Restate word for word the material below, starting at the line that contains "two DNS servers." and stopping after the last line; skip pictures.

━━ Information shown

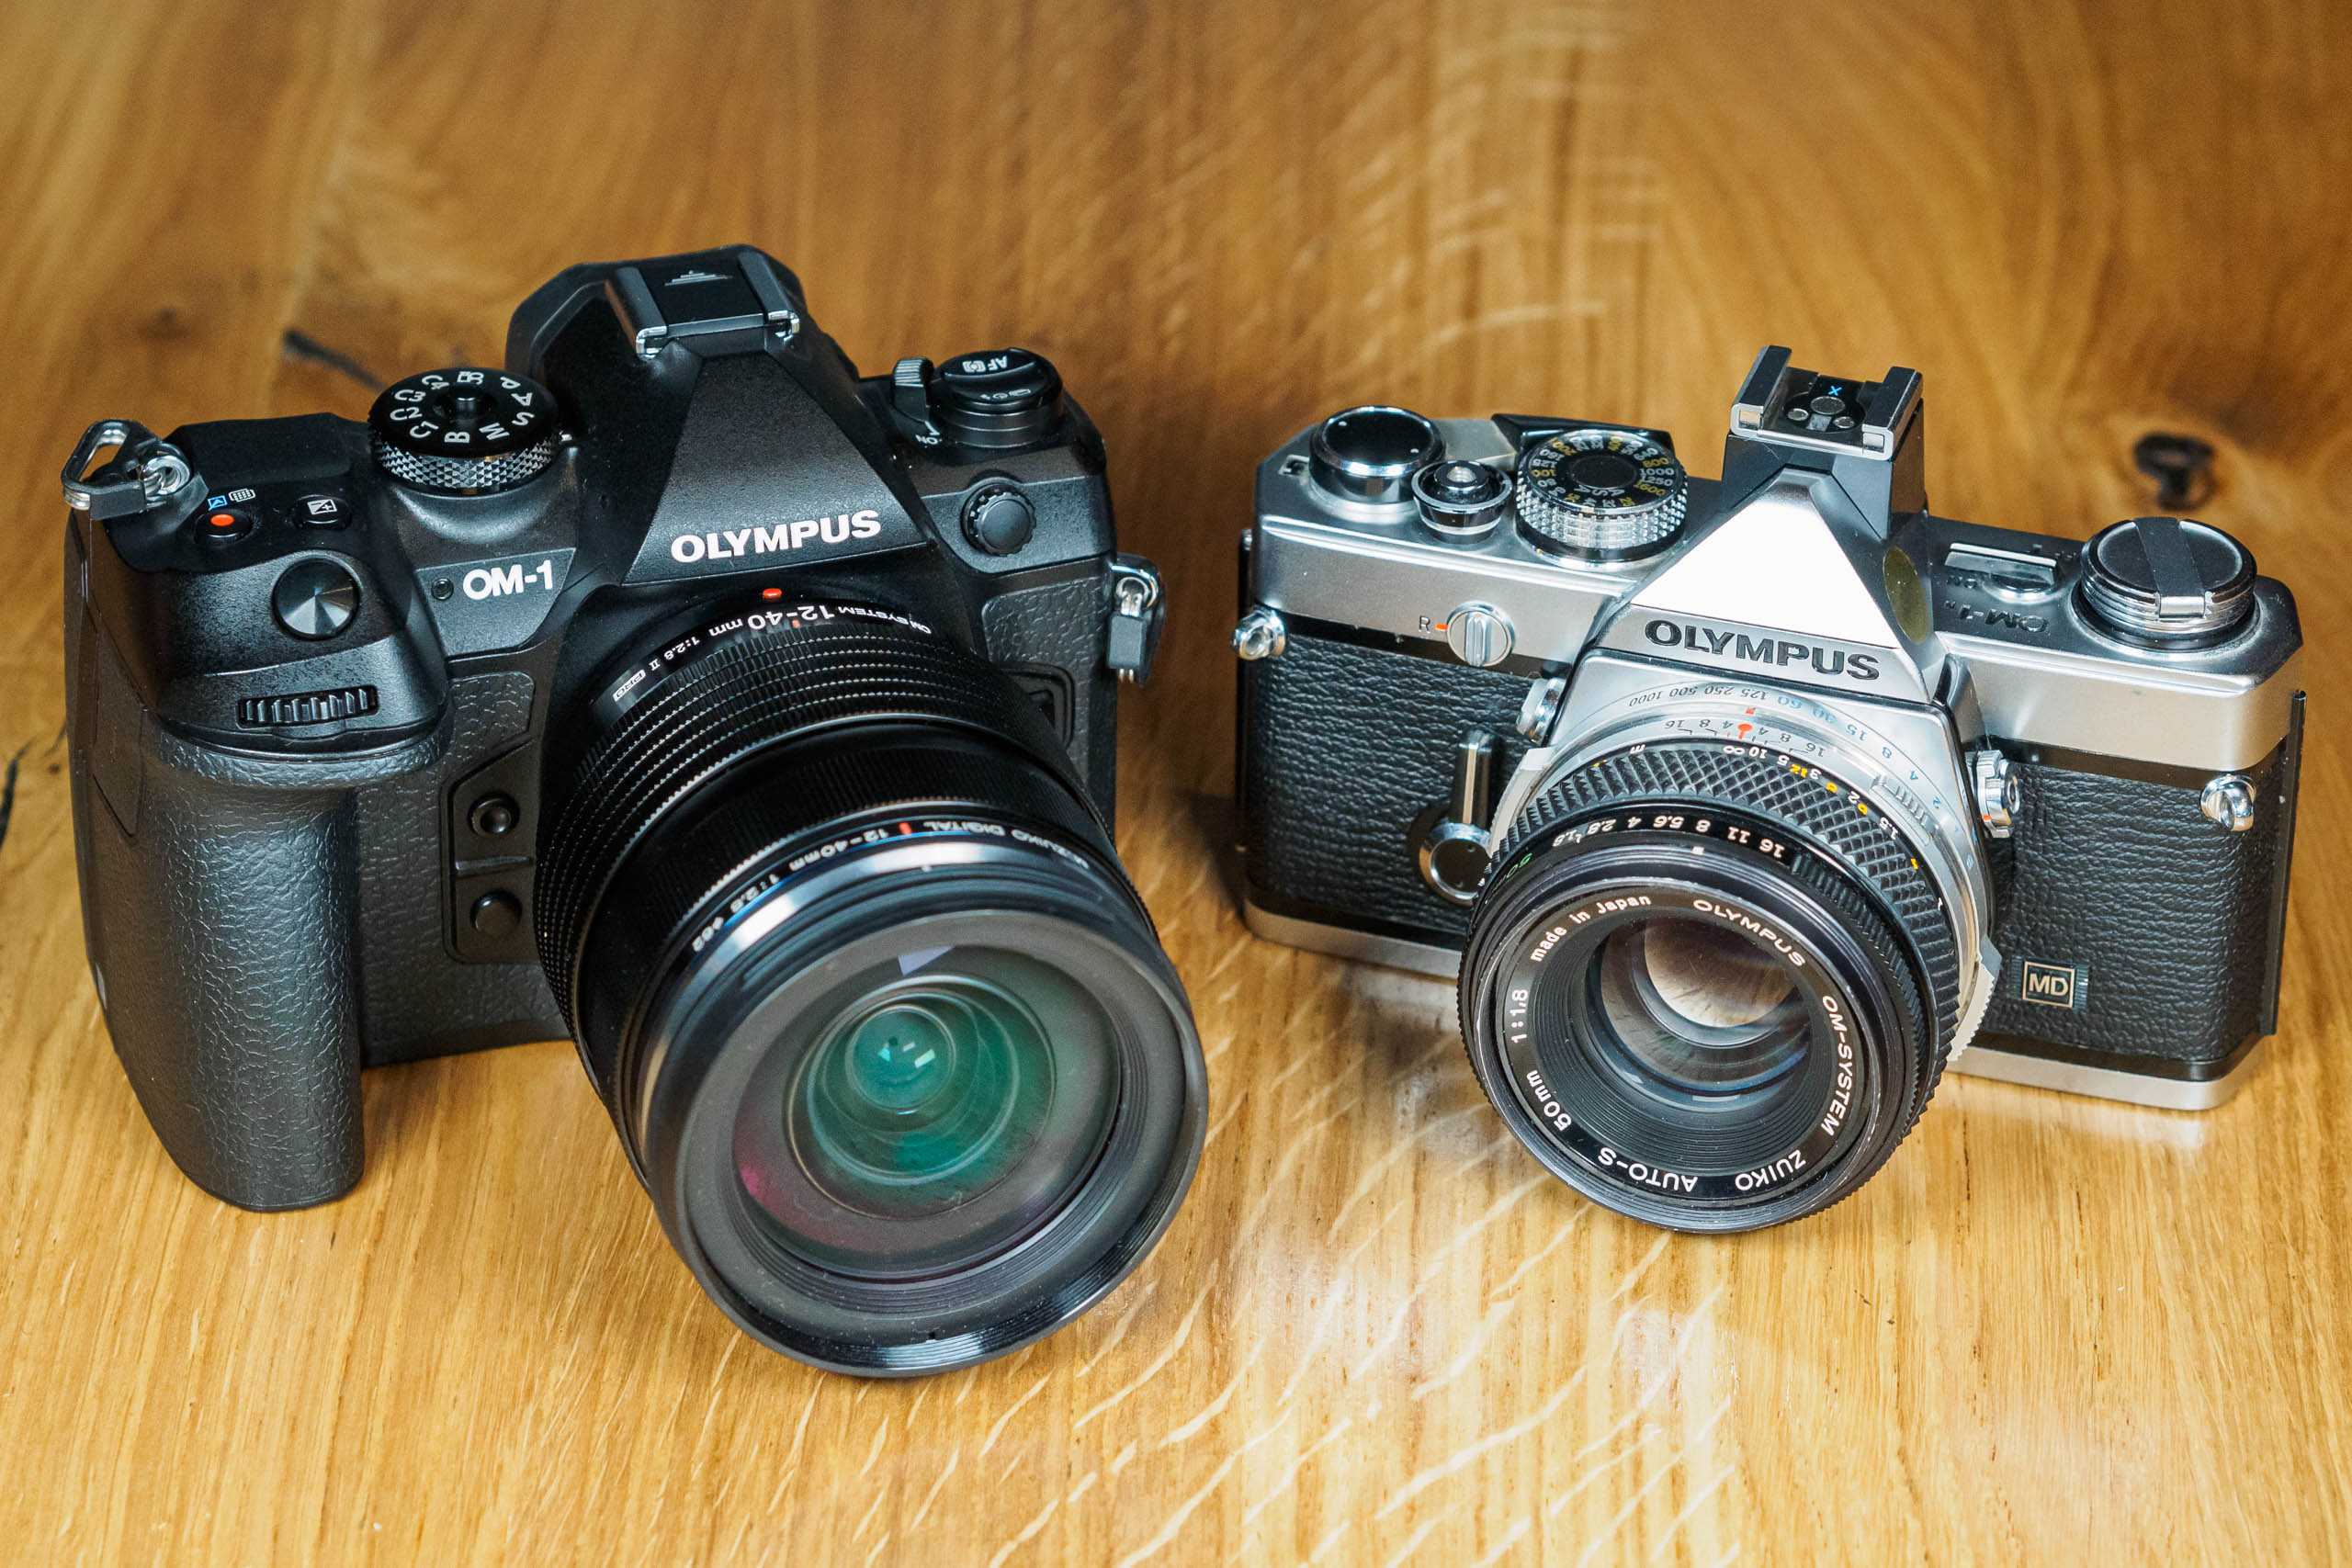 OM System Olympus OM-1 review - Amateur Photographer
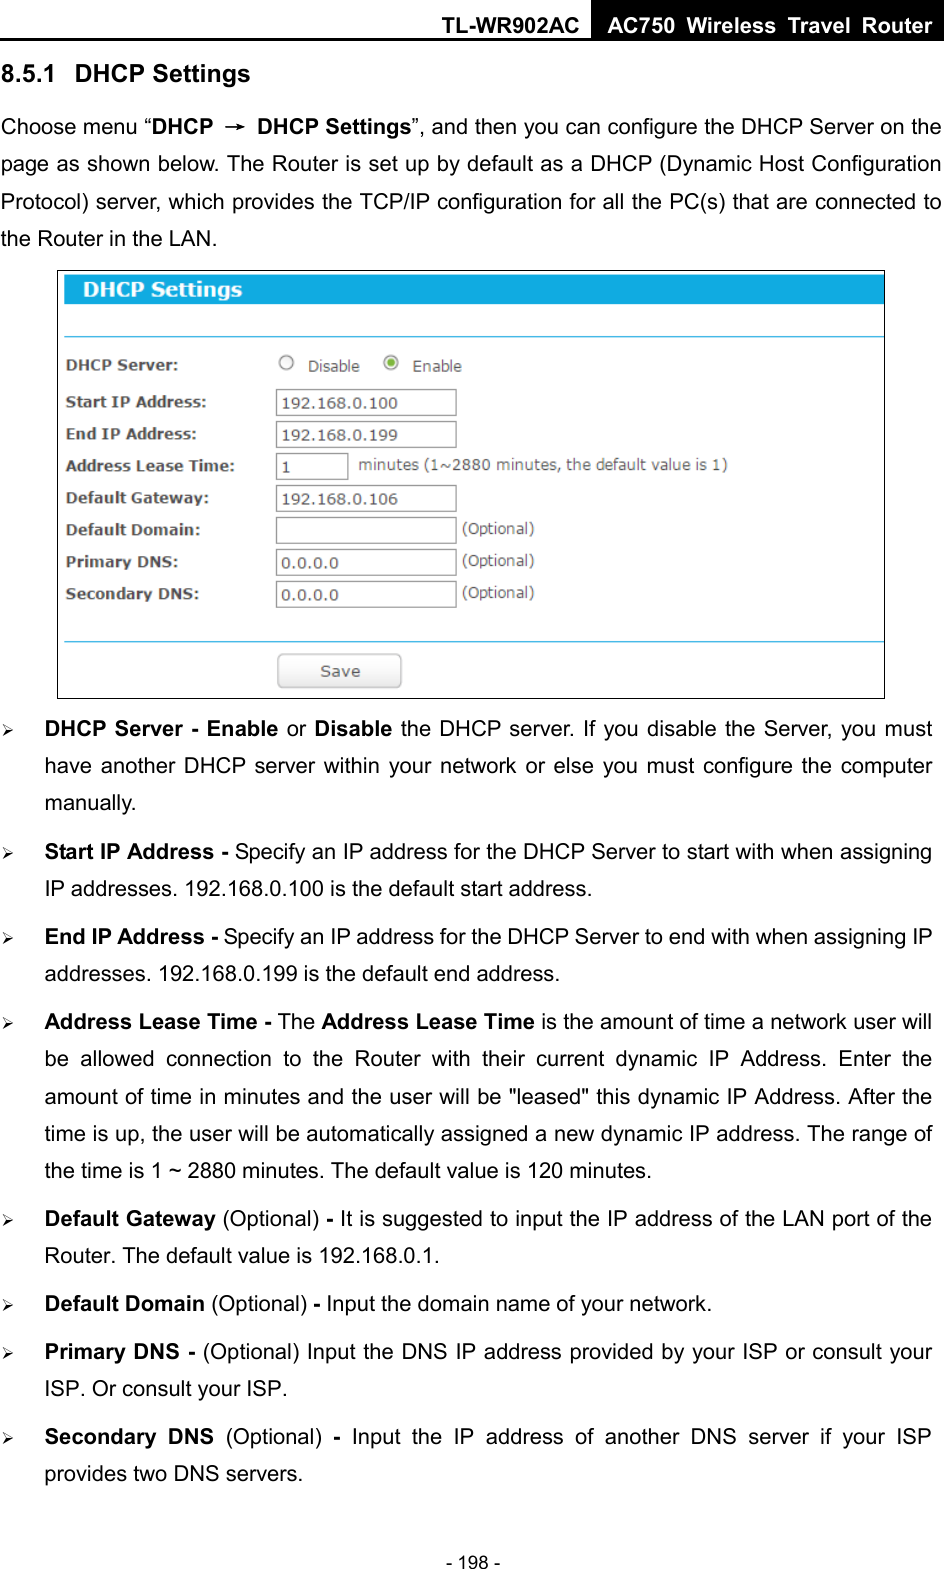 TL-WR902AC AC750  Wireless Travel Router  - 198 - 8.5.1 DHCP Settings Choose menu “DHCP → DHCP Settings”, and then you can configure the DHCP Server on the page as shown below. The Router is set up by default as a DHCP (Dynamic Host Configuration Protocol) server, which provides the TCP/IP configuration for all the PC(s) that are connected to the Router in the LAN.     DHCP Server - Enable or Disable the DHCP server. If you disable the Server, you must have another DHCP server within your network or else you must configure the computer manually.  Start IP Address - Specify an IP address for the DHCP Server to start with when assigning IP addresses. 192.168.0.100 is the default start address.  End IP Address - Specify an IP address for the DHCP Server to end with when assigning IP addresses. 192.168.0.199 is the default end address.  Address Lease Time - The Address Lease Time is the amount of time a network user will be allowed connection to the Router with their current dynamic IP Address. Enter the amount of time in minutes and the user will be &quot;leased&quot; this dynamic IP Address. After the time is up, the user will be automatically assigned a new dynamic IP address. The range of the time is 1 ~ 2880 minutes. The default value is 120 minutes.  Default Gateway (Optional) - It is suggested to input the IP address of the LAN port of the Router. The default value is 192.168.0.1.  Default Domain (Optional) - Input the domain name of your network.  Primary DNS - (Optional) Input the DNS IP address provided by your ISP or consult your ISP. Or consult your ISP.  Secondary DNS (Optional)  -  Input the IP address of another DNS server if your ISP provides two DNS servers. 
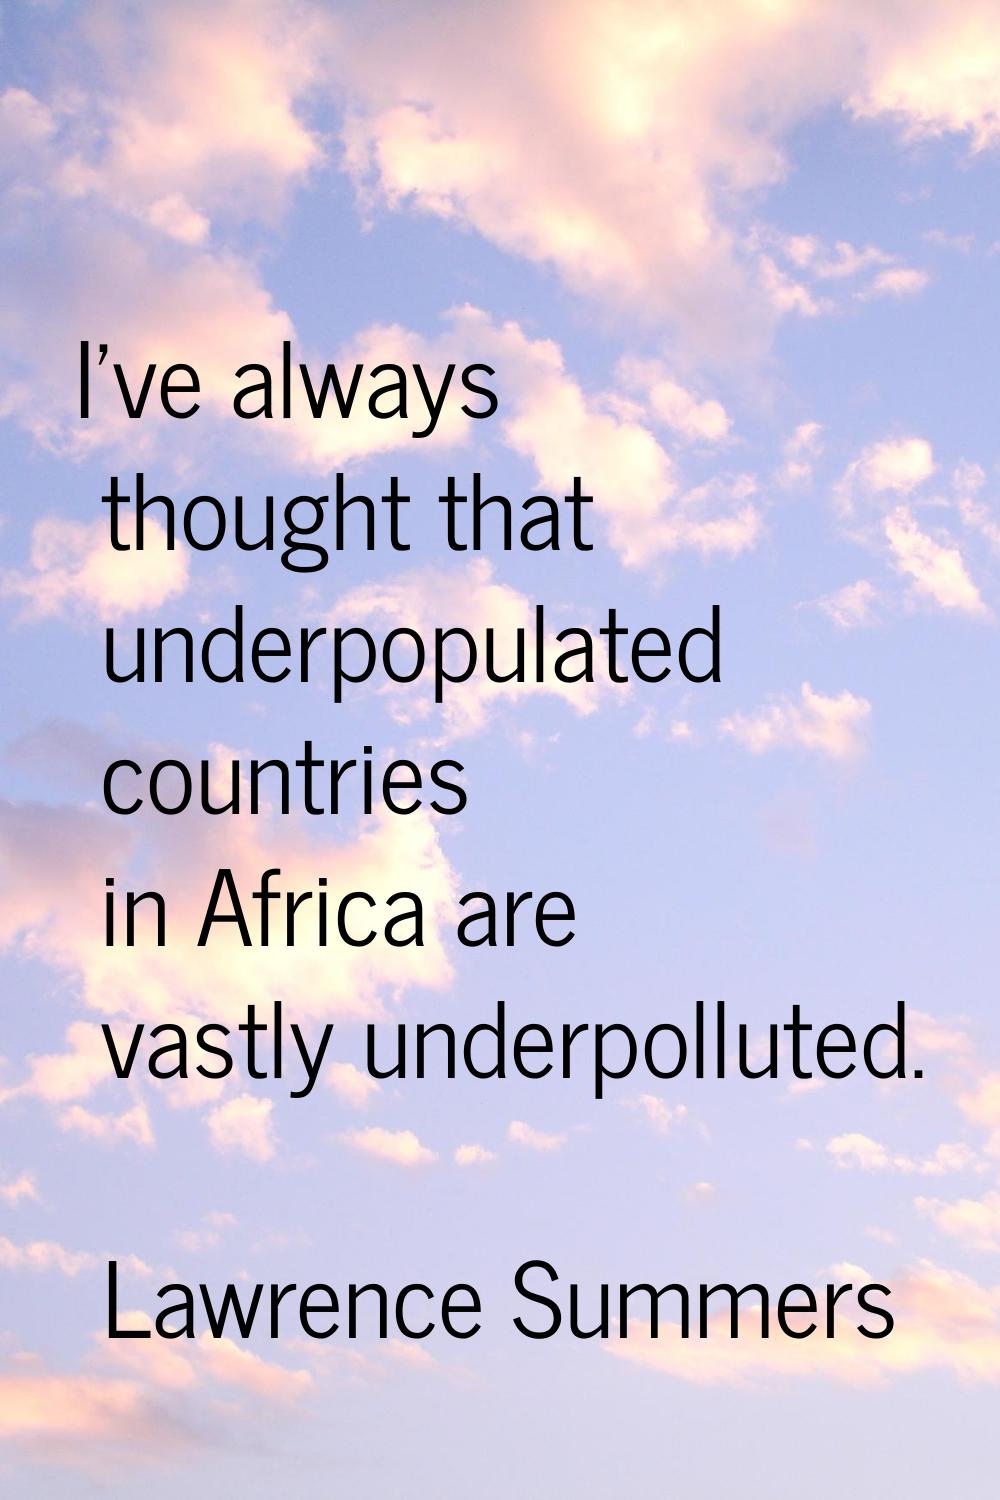 I've always thought that underpopulated countries in Africa are vastly underpolluted.
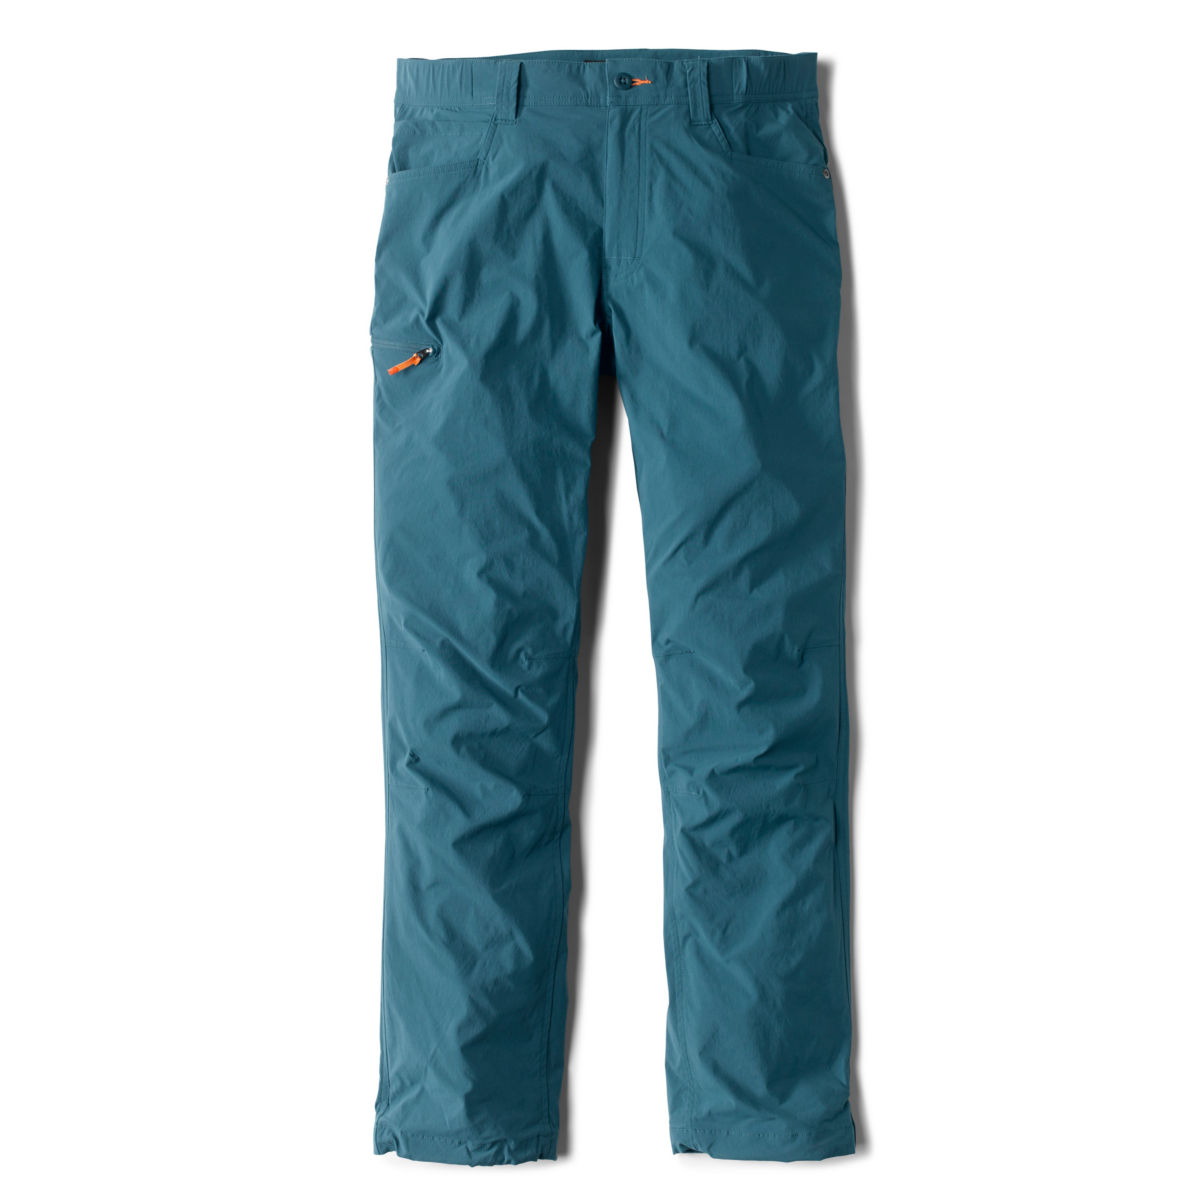 Jackson Quick-Dry Crossover Pants - ATLANTICimage number 0

━━━━

The completed task →
 TL-WR902AC AC750  Wireless Travel Router  - 198 - 8.5.1 DHCP Settings Choose menu “DHCP → DHCP Settings”, and then you can configure the DHCP Server on the page as shown below. The Router is set up by default as a DHCP (Dynamic Host Configuration Protocol) server, which provides the TCP/IP configuration for all the PC(s) that are connected to the Router in the LAN.     DHCP Server - Enable or Disable the DHCP server. If you disable the Server, you must have another DHCP server within your network or else you must configure the computer manually.  Start IP Address - Specify an IP address for the DHCP Server to start with when assigning IP addresses. 192.168.0.100 is the default start address.  End IP Address - Specify an IP address for the DHCP Server to end with when assigning IP addresses. 192.168.0.199 is the default end address.  Address Lease Time - The Address Lease Time is the amount of time a network user will be allowed connection to the Router with their current dynamic IP Address. Enter the amount of time in minutes and the user will be &quot;leased&quot; this dynamic IP Address. After the time is up, the user will be automatically assigned a new dynamic IP address. The range of the time is 1 ~ 2880 minutes. The default value is 120 minutes.  Default Gateway (Optional) - It is suggested to input the IP address of the LAN port of the Router. The default value is 192.168.0.1.  Default Domain (Optional) - Input the domain name of your network.  Primary DNS - (Optional) Input the DNS IP address provided by your ISP or consult your ISP. Or consult your ISP.  Secondary DNS (Optional)  -  Input the IP address of another DNS server if your ISP provides two DNS servers. 
 I've always thought that underpopulated countries in Africa are vastly underpolluted.
 Jackson Quick-Dry Crossover Pants - ATLANTICimage number 0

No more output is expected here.